Supreme Court Finds Auto Service Advisors Exempt from Overtime Pay

Auto service advisors are overtime-exempt under the Fair Labor Standards Act. The Supreme Court’s 5-4 decision in Encino Motorcars, LLC v. Navarro clarified the scope of a 2011 regulation issued by the Department of Labor that excluded service advisors from the definition of “salesman” under 29 U.S.C. §213(b)(10)(A).

Encino Motorcars involves current and former service advisors employed by Encino Motorcars, a Mercedes-Benz dealership in California. In 2012, the service advisors sued Encino for backpay, alleging that Encino violated the FLSA by failing to pay them overtime. The District Court dismissed the complaint, finding service advisors exempt under 29 U.S.C. §213(b)(10)(A). The Ninth Circuit reversed, deferring to the Department of Labor’s 2011 rule under Chevron U.S.A. Inc. v. Natural Resources Defense Council, Inc., 467 U.S. 837 (1984).
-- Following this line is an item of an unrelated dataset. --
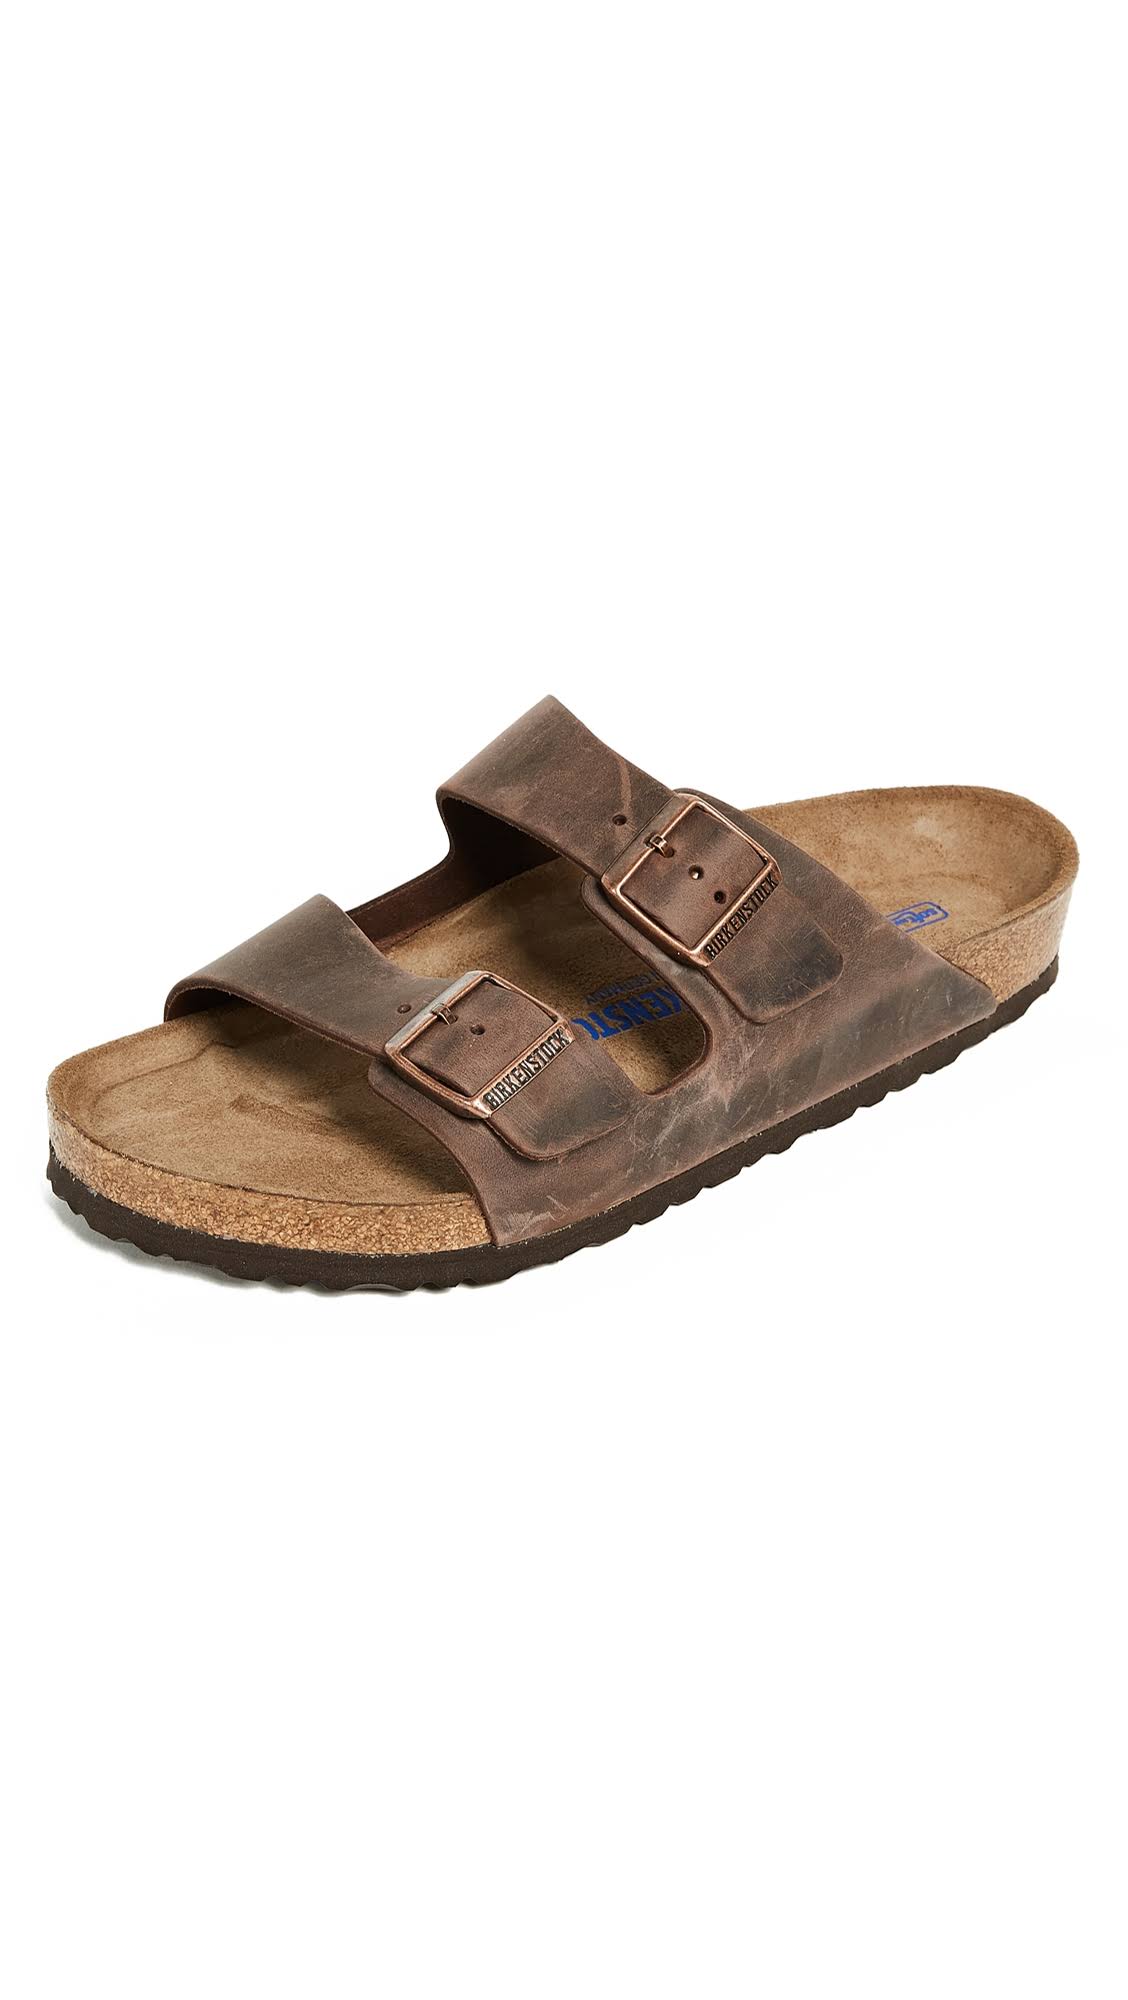 Birkenstock Unisex Arizona Habana Oiled Leather Sandals - Brown, 11-11.5 US

The Supreme Court vacated the decision and remanded the matter back to the Ninth Circuit with instruction to ignore the DOL regulation when reconsidering the service advisors’ status. On remand, the Ninth Circuit again found the exemption inapplicable to service advisors. Encino Motorcars appealed and the Supreme Court granted certiorari.  
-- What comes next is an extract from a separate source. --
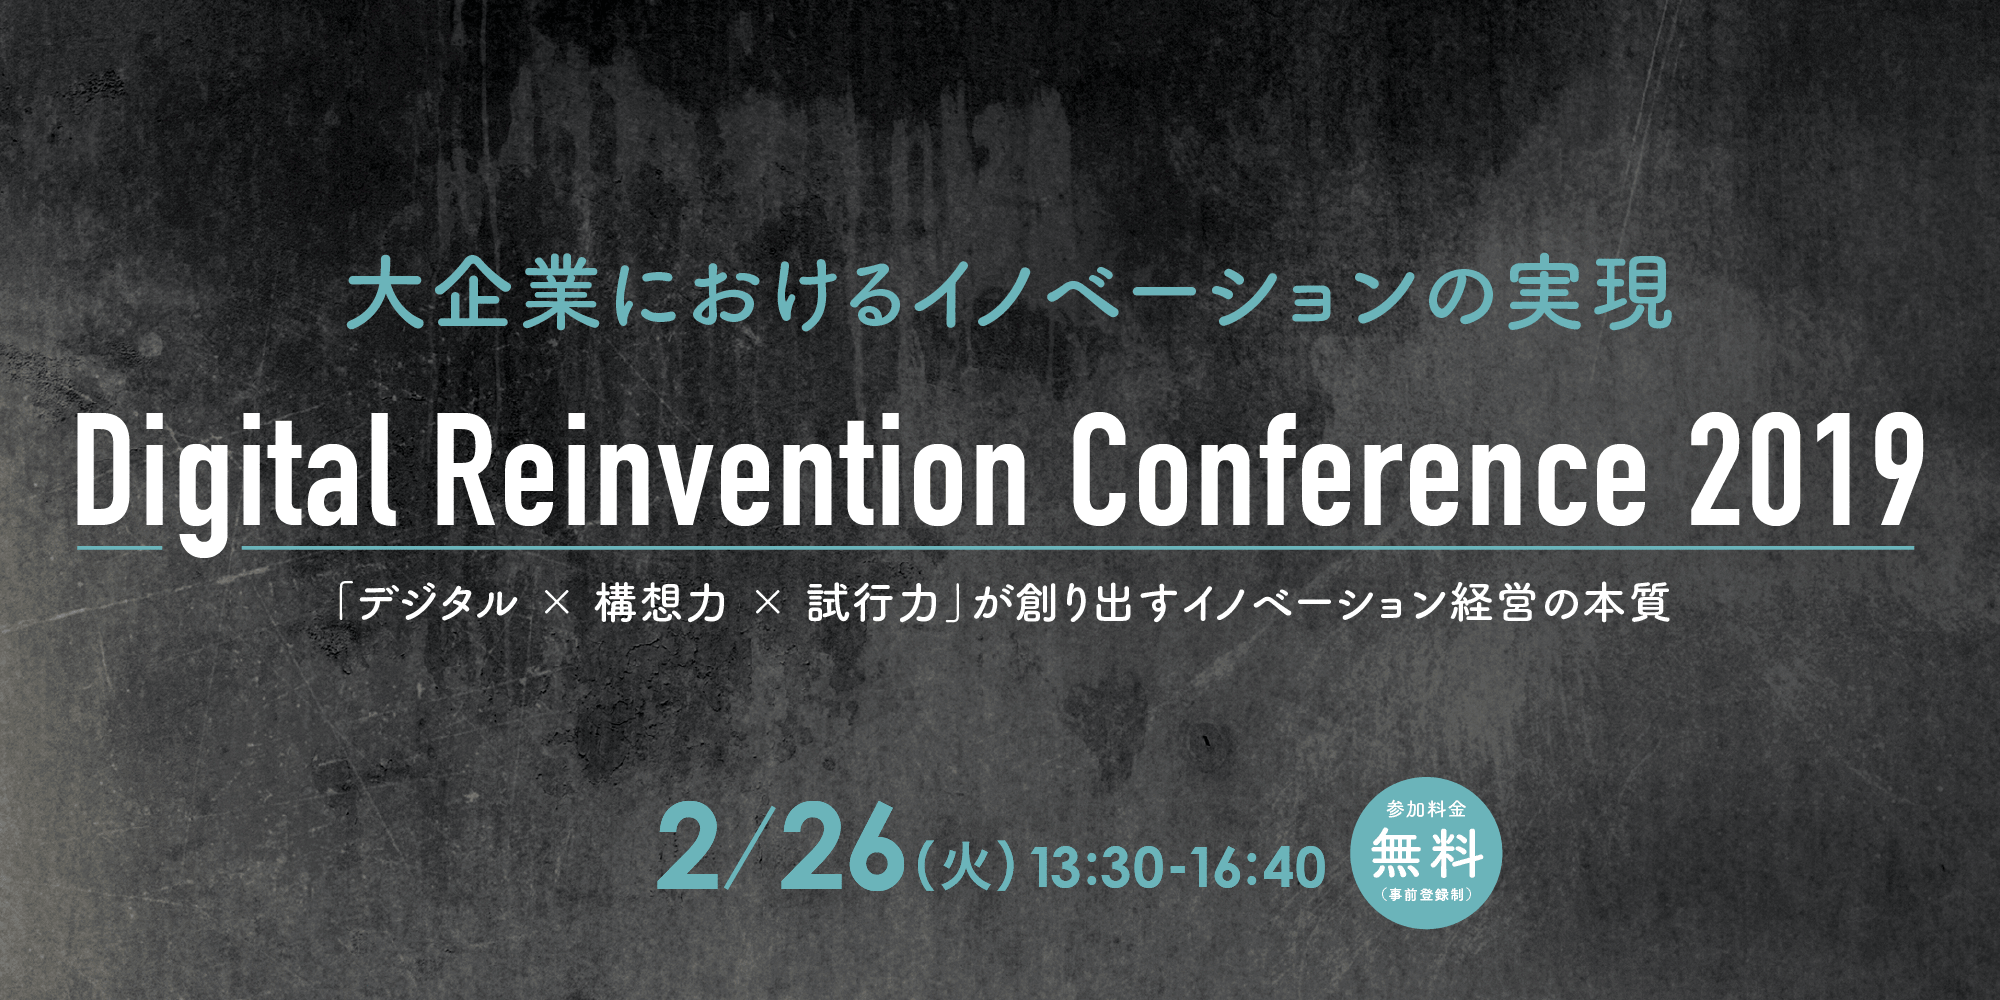 Digital Reinvention Conference 2019

The FLSA exempts from overtime-pay “any salesman, partsman, or mechanic primarily engaged in selling or servicing automobiles, trucks, or farm implements, if he is employed by a nonmanufacturing establishment primarily engaged in the business of selling such vehicles or implements to ultimate purchasers.” 29 U.S.C. §213(b)(10)(A). Using the Oxford English Dictionary, Justice Clarence Thomas found that service advisors are “obviously” salesmen under an ordinary meaning analysis.

Applying the same approach, Justice Thomas also established that service advisors are “primarily engaged in . . . servicing automobiles” as the word “servicing” is used in the statute. Because the service advisors meet with customers, suggest repairs, and sell new or replacement auto parts, they are an integral part of the servicing process. Justice Thomas highlighted “[i]f you ask the average customer who services his car, the primary, and perhaps only, person he is likely to identify is his service advisor.” Justice Thomas thus concluded that to be “‘primarily engaged in . . . servicing automobiles’ must include some individuals who do not physically repair automobiles themselves but who are integrally involved in the servicing process.”

The Court therefore found service advisors exempt from the overtime-pay requirement under the FLSA because service advisors are “salesm[e]n . . . primarily engaged in . . . servicing automobiles” under an ordinary reading of the statute. The Court’s decision to reject a narrow interpretation of FLSA exemptions by stating that exemptions should not be given anything other than a “fair reading” may persuade lower courts to favorably interpret and apply FLSA exemptions with a similar broad reading.